With Queensland again under threat from flooding, a QUT project aims to use storytelling to improve disaster communication and awareness among communities in which English is not the first language, including refugees and new migrants.
QUT researchers Dr Jenny Hou, Professor Greg Hearn, and Professor Kim Johnston have received Queensland and Commonwealth Governments joint funding of $305,576 from the Queensland Resilience and Risk Reduction Fund administered by Queensland Reconstruction Authority for their ‘Empowering culturally and linguistically diverse (CALD) communities in disasters’ project.
Working in a partnership with the disaster management unit of Cairns Regional Council, they are looking for participants to speak of their lived experiences in disaster situations and hope to address the potentially life-threatening information gaps and communication failures in targeting at-risk or disaster-affected CALD communities in Australia.
“CALD communities struggle with inaccessible and insufficient communication. The material designed for the majority can lack cultural relevance or emotional engagement, and these groups are also often underrepresented or misrepresented in the media,” said Dr Hou, from QUT’s Digital Media Research Centre and School of Communication.
“We have chosen to focus on Far North Queensland as a starting point because it is an area with diverse populations that’s also prone to natural disasters like cyclones.

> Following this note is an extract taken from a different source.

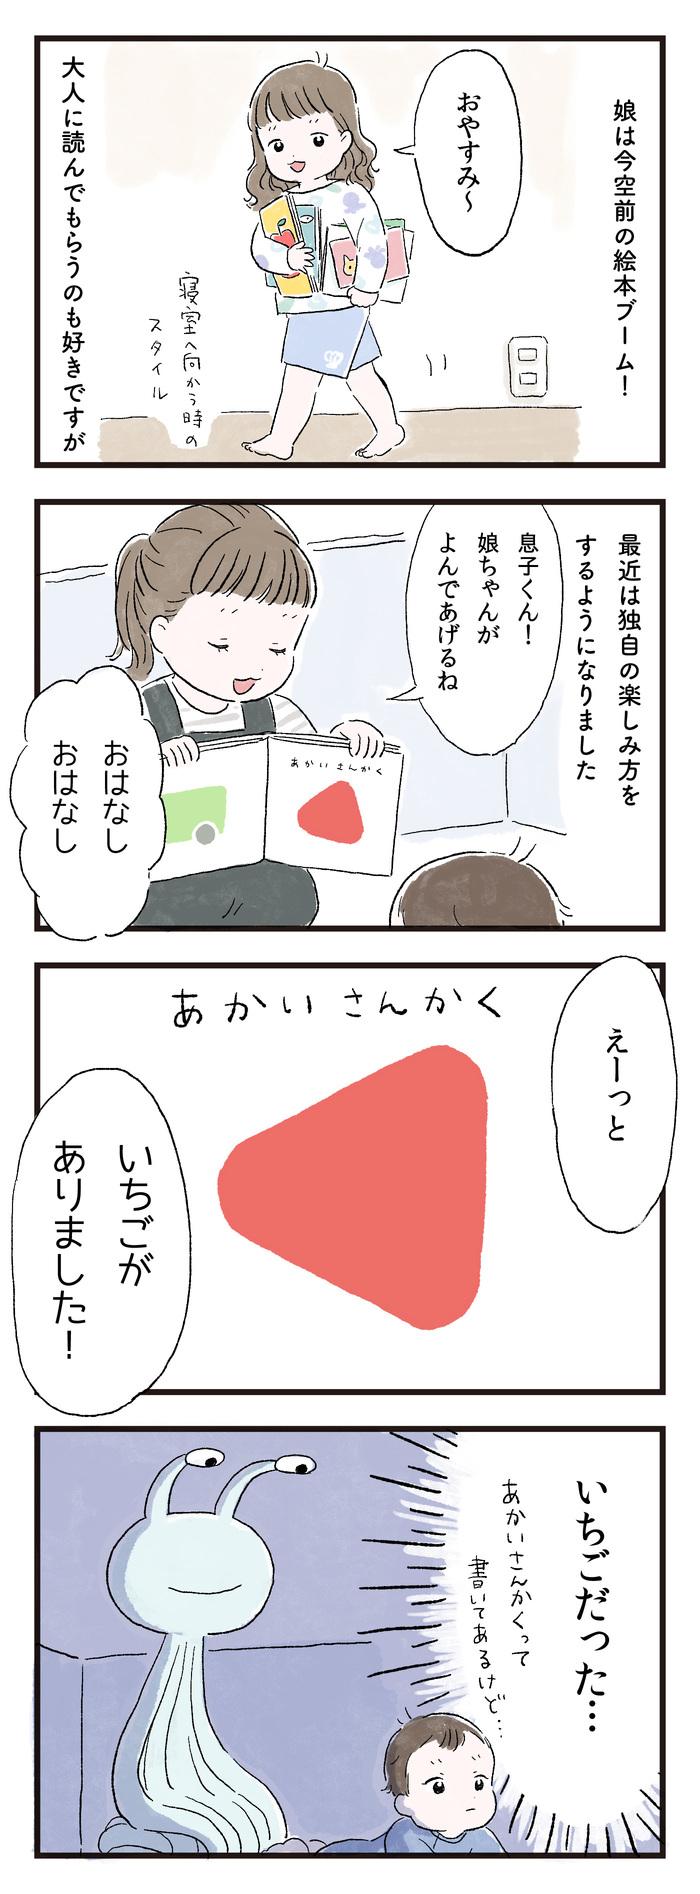 絵本ブームの娘が、弟に読む物語♡これは展開が読めない~!の画像1

“Three CALD groups will be targeted – refugees, ethnic minorities, and new migrants. The stories of seven participants from each of these groups will help us create case studies that resonate with others, and which can be used training for programs and other materials that are aimed at people in varied communities.
“If we can recognise the problems faced in communicating with such groups before, during and after a disaster, then build appropriate resources for them, we can enable self-resilience and build confidence.”
Dr Hou said the case studies would be followed by an audit of communication, education, skills training programs and other material used to connect with CALD communities by local councils, and its affiliates or network members.
The third phase of the project would see the co-design of a workshop involving the research team, CALD participants, council representatives, other relevant agencies, and local influencers to identify what tools are needed for future communication and the safe-guarding of those at risk.
“Our ultimate aim is to create a model of embedding instructive information and an action guide into culturally appropriate and community-driven storytelling to inform, influence and empower CALD communities,” she said.
“What we want to see Australia-wide is greater disaster literacy and sustainable resilience in the face of extreme weather events among CALD communities.
‘By improving the accuracy of disaster risk perception and identification, better risk reduction behaviours will follow.
“This outcome will benefit the CALD communities but also multiple other stakeholders, including emergency management services, local, state and federal governments, community partners and others.”
Dr Hou said the results would also enhance public understanding of disaster inequalities caused by systematic issues such as information asymmetry, language and cultural barriers, and the lack of trust and social connectivity faced by the CALD communities, ultimately facilitating the achievement of disaster/environment justice.